Post A: Design – Both the Villain and the Saviour

Although designers may often like to view themselves as unattached to the products and purposes they serve, they must also recognize the inherent responsibility and power they wield when engaging in wide-reaching design campaigns. Particularly when interrogating the power of the tobacco industry within Indonesia, the unfettered influence of advertising and designers is altogether too apparent. Lacking proper legislation, the Indonesian government allows a myriad of heavily designed and planned cigarette advertising to adorn its cities, with the all-too-familiar words, “pro never quit,” feeling like Yogyajakarta’s city slogan (Reynolds 1999). Design activism presents a promising avenue for accelerating the decline of smoking culture, as it has the ability to “generate different ways of looking at the world” (Crosby 2019). However, in Yogyakarta, this space has been captured by the Tobacco industry, and it is up to designers and culture makers to begin to counteract its negative effects. 

(Hammer 2019) Heavily designed and saturated imagery advertising cigarettes.

Indonesia is one of the few countries yet to ratify the WHO Framework Convention on Tobacco Control, which is a major reason that its prominent advertising and influence remains unchecked. In the words of Sampoerna, “Indonesian companies have almost total freedom to advertise their products in any format” (Nichter Met al 2009). However, it is not just through their billboards that they reveal the malevolent influence of design. They also piggy-back on the success of creatives and culture-makers via sponsored events such as the Gudang Garang Java Rockin’Land 2010, which is described as the biggest rock festival in Southeast Asia (SEATCA 2010). This continually aligns tobacco with design and creative culture, a link that must be eroded in order to change the culture.

Design’s situation at the core of the issue.

As the tobacco cessation initiative Project QTI recognizes, smoking is often perceived as “cultural” with positive social connotations. This group seeks to use design to create a new culture within Indonesia that distances itself from existing tobacco advertising. To accomplish this, they are seeking to promote new cultural themes such as willpower as a virtue of masculinity, and family responsibility as a “value that eclipses personal pleasure” (Nichter Met al 2009).
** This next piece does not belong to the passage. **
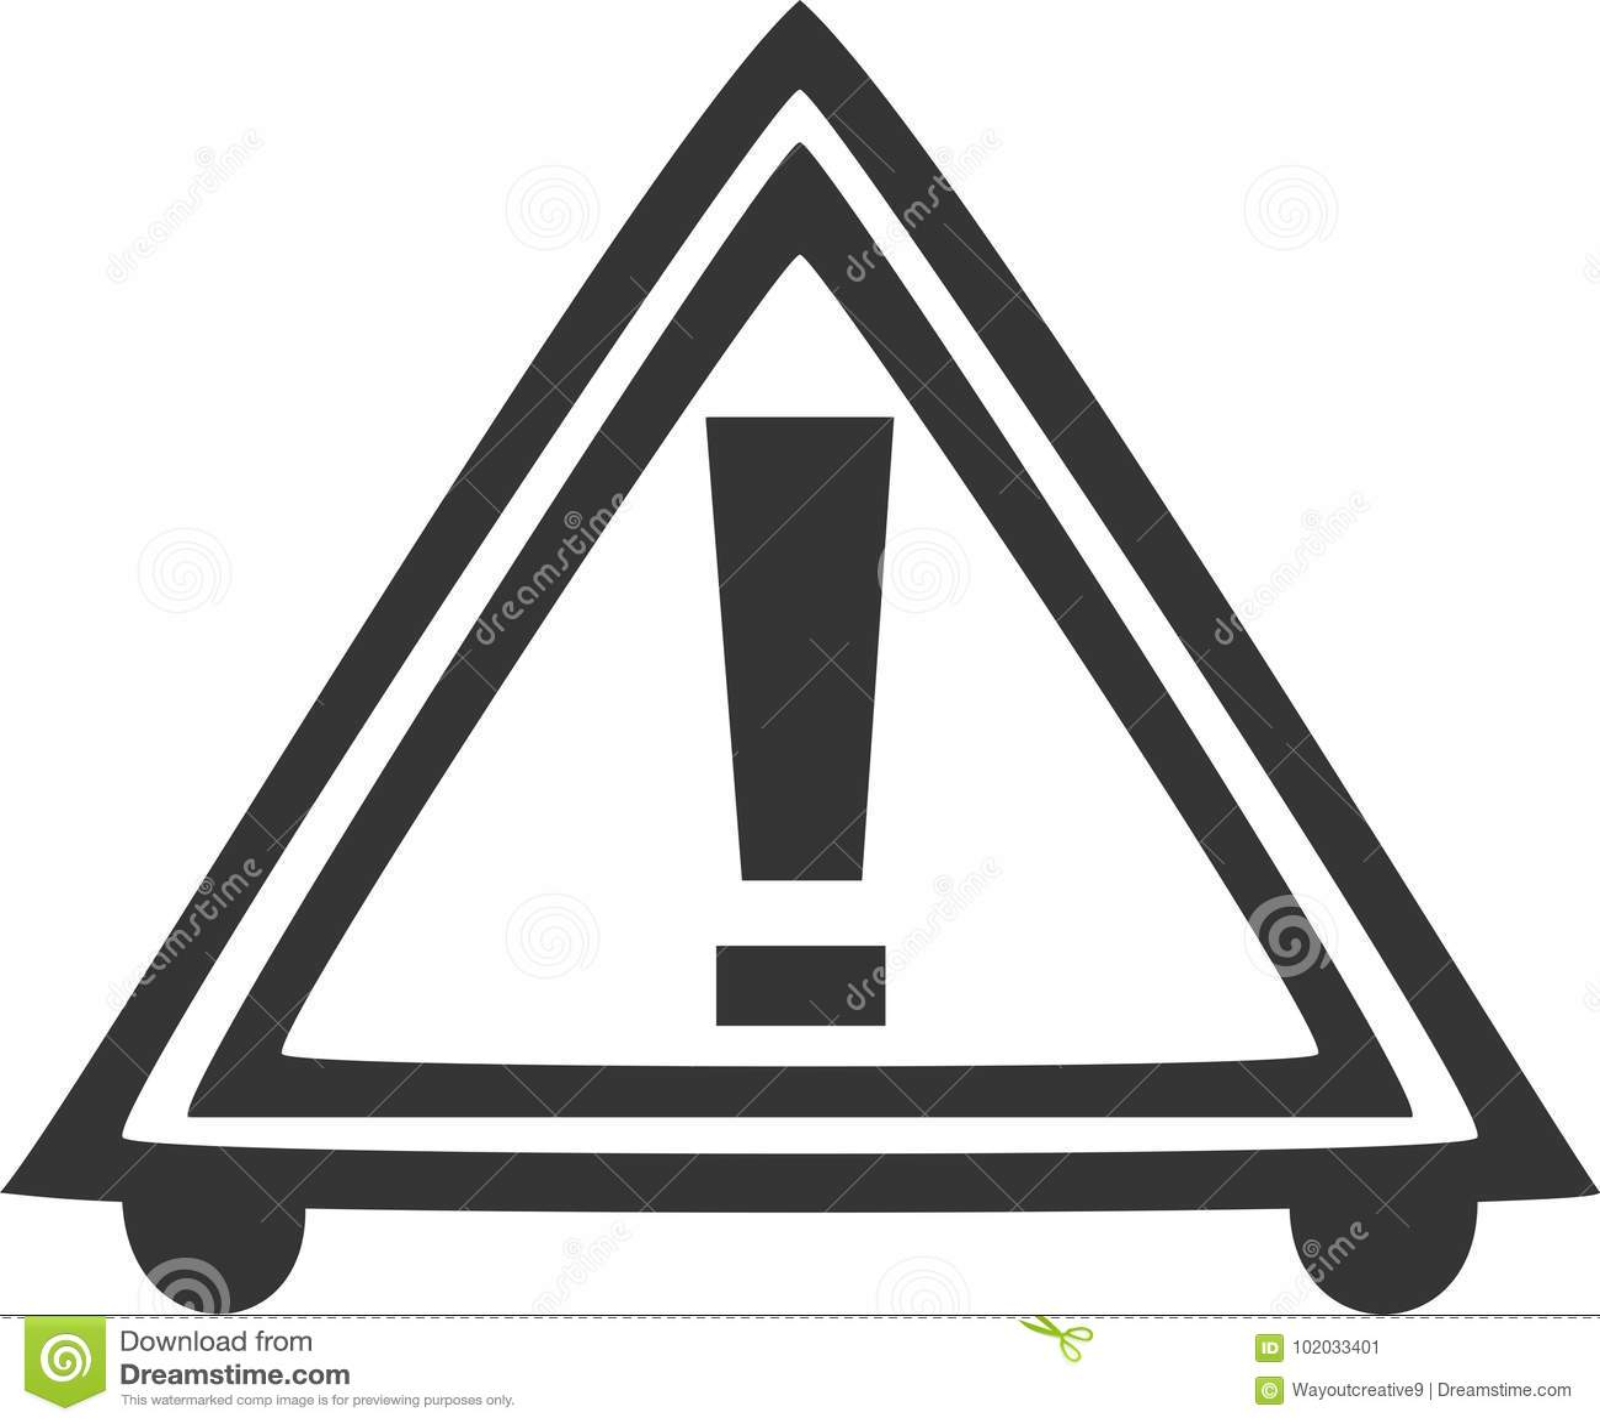 Road Hazard Triangle Caution Warning Sign Stock Vector

By drawing on themes of self-control deeply integral to Javanese culture and religious holidays (fasting during Ramadan) as a form of masculinity, as well as raising family values and health to be promoted over momentary pleasure, QTI is tackling the tobacco crisis by rebranding the culture that supports it. 

This presents an interesting opportunity for design activists to collaborate at different levels throughout Yogyakarta and Java. These designers may also be able to tap into the excessive visibility of existing advertisements in order to relocate the social culture surrounding smoking, by creating profound and provocative messages via culture jamming that subvert the tobacco industry’s typical messaging (Milstein, Tema. & Pulos, A. 2015). 
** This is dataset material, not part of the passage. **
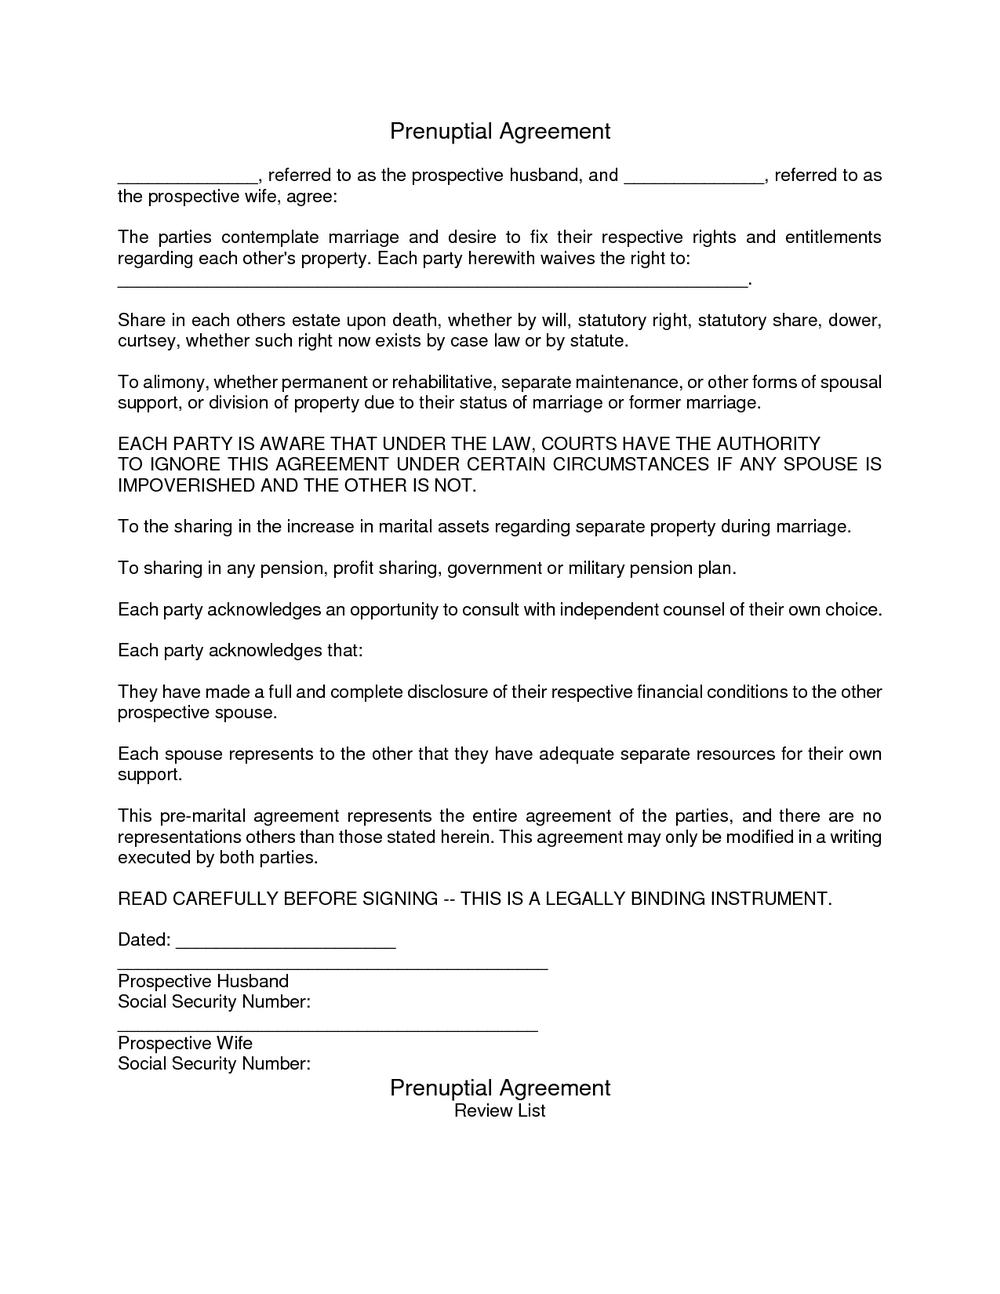 Prenuptial Agreement Form Florida Universal Network

References ———————————————————————————————–

Crosby, A. 2019, ‘Design Activism in an Indonesian Village’, MIT Design Issues, vol. 35, no. 3, pp. 50-63, viewed 19 December 2019, <>.

Hammer, R. 2019, Gudang Garam advertisements, viewed 19 December 2019 <;.

Milstein, Tema. & Pulos, A. 2015, ‘Culture jam pedagogy and practice: relocating culture by staying on one’s toes’, Communication, Culture and Critique, vol. 8, no. 3, pp. 395-413.

Nichter, M., Padmawati, S., Prabandari, Y., Ng, N., Danardono, M. & Nichter, M. 2009, ‘Reading culture from tobacco advertisments in Indonesia,’ Tobacco Control, vol. 18, no. 2, viewed 26 November 2019, < >.

Reynolds, C. 1999, ‘Tobacco advertising in Indonesia: “the defining characteristics for success”’, Tobacco Control, vol. 8, no. 1, viewed 26 November 2019, <>.

Southeast Asia Tobacco Control Alliance, International artists performing at Indonesian tobacco-sponsored rock festival despite protests, Bangkok, viewed 19 December 2019, <>.